- **TASK TO COMPLETE**: From the records below, count the lines holding the string "card". Only the number is wanted.

═══ WORKING DATA

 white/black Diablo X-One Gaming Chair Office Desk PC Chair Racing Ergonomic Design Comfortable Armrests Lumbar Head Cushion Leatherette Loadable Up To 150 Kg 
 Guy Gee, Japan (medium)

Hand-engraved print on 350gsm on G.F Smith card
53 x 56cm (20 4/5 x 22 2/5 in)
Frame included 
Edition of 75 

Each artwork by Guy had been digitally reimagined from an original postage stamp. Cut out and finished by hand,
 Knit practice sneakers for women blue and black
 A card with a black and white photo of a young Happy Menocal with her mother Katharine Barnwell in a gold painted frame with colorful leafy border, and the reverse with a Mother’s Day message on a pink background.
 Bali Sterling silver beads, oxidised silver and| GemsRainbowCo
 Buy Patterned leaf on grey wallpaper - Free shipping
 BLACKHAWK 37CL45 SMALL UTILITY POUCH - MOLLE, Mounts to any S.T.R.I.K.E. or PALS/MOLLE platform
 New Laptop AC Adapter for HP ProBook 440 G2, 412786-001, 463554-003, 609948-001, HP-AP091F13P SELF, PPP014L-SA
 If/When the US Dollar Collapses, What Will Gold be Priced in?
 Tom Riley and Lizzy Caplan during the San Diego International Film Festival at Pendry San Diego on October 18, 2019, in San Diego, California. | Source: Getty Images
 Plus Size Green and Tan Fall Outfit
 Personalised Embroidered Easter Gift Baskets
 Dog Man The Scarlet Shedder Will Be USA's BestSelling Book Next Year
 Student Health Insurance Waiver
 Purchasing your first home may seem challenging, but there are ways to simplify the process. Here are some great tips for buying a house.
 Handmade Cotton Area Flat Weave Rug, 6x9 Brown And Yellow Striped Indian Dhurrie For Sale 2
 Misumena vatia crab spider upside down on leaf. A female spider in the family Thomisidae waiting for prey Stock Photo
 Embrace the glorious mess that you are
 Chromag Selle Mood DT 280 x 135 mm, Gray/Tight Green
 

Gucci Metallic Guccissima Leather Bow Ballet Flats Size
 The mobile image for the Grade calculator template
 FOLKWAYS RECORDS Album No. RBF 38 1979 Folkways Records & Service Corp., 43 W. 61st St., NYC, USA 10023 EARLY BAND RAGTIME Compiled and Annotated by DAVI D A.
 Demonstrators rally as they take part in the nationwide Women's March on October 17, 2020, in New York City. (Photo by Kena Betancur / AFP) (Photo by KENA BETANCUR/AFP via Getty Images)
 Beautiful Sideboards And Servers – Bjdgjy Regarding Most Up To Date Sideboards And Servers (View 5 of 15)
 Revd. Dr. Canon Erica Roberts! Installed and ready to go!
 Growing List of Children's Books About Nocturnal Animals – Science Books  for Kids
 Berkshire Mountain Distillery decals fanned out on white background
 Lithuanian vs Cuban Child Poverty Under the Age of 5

══════

- **OUTPUT OF THE TASK**: 2